The Intel Edison is an incredibly small and cheap x86 computing platform, and with that comes the obvious applications for robotics and wearable computing. [mz] had another idea: what if the Edison could do work that is usually done by workstations? Would it make economic sense to buy a handful of Edisons over a single quad-core Xeon system?
[mz] thought the Edison would be an ideal platform for fuzz testing, or sending random, automated data at a program or system to figure out if they’ll misbehave in interesting ways. After figuring out where to solder power and ground wires to boot an Edison without a breakout board, [mz] got to work benchmarking his fuzz testing setup.
Comparing the benchmarks of a fuzzing job running on the Edison and a few servers and workstations, calculations of cost-efficiency worked out well for this tiny x86 system on module. For parallelizable tasks, the Edison is about 8x less powerful than a reasonably modern server, but it’s also about 5-8x cheaper than a comparable desktop machine. Although renting a server is by far the more economic solution for getting a lot of computing power easily, there are a few use cases where a cluster of Edisons in your pocket would make sense.
FTA – “I first had to solder the DF40 connector – I’m pretty sure that’s what it feels to be a brain surgeon”
The SEO shills were telling us those plugs would be DIY friendly.
Fuzzing usually requires precision timing to reproduce the exploits.
A low power CPU would essentially be a probabalictic bug generator.
probabilictic
probabilistic <- win
LOL
Well, the plugs are about a dollar apiece, and if you have a toaster oven you don’t want to use for food anymore…
As far as connectors go, Intel could have done much, much worse.

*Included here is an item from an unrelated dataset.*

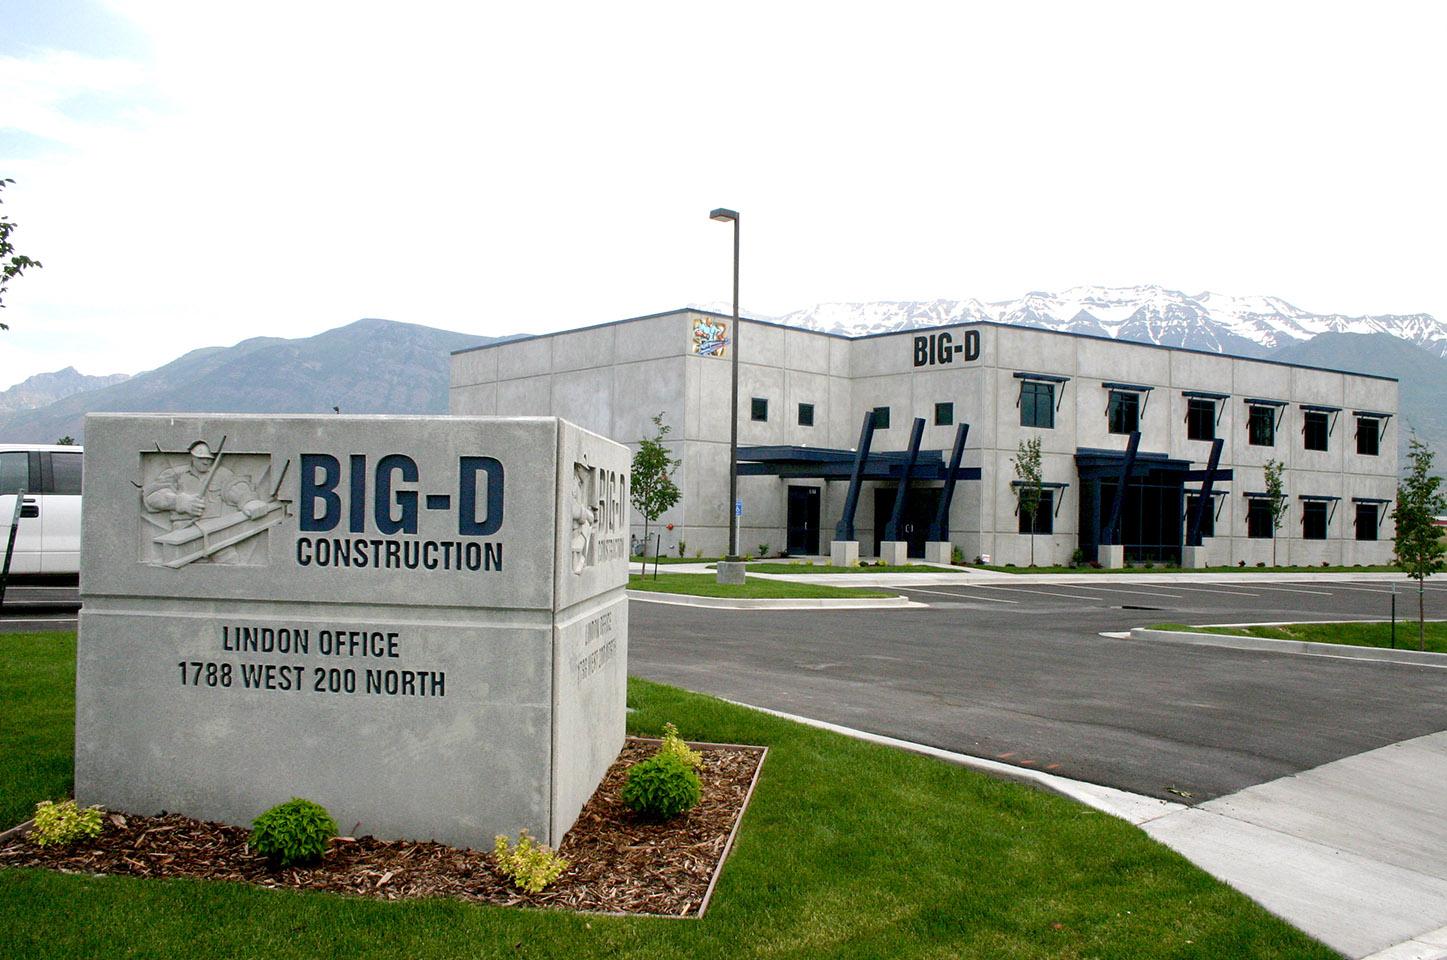 The Big-D office in Lindon, Utah.

it would be interesting to see how this compared with the parallella board
http://www.parallella.org/2014/06/03/my-name-is-brian-and-i-build-supercomputers-in-my-spare-time/
Testing workloads aren’t exactly the sort of thing that is tremendously “parallelizable” by the parallella. It’s aimed mostly at large-scale DSP type stuff. Not general purpose branchy code.
Pretty nice, even if it is not as powerful and econimical, who can say to hold that amount of calculation power on the palm of your hand?
Another side not, you have to have something to calculate on this dense box of calculation wizardy…
if you can afford to buy 5 of these why not simply make PCBs for them?
Because a PCB wouldn’t help him make a pretty stack of boards
two words – used laptop
and only if you really need x86, otherwise any ARM quad core board will eat this piece of intel crap
Old Quad core ARM based cell phones are cheap and getting cheaper. You get a free hi-rez LCD screen and BUILT IN UPS!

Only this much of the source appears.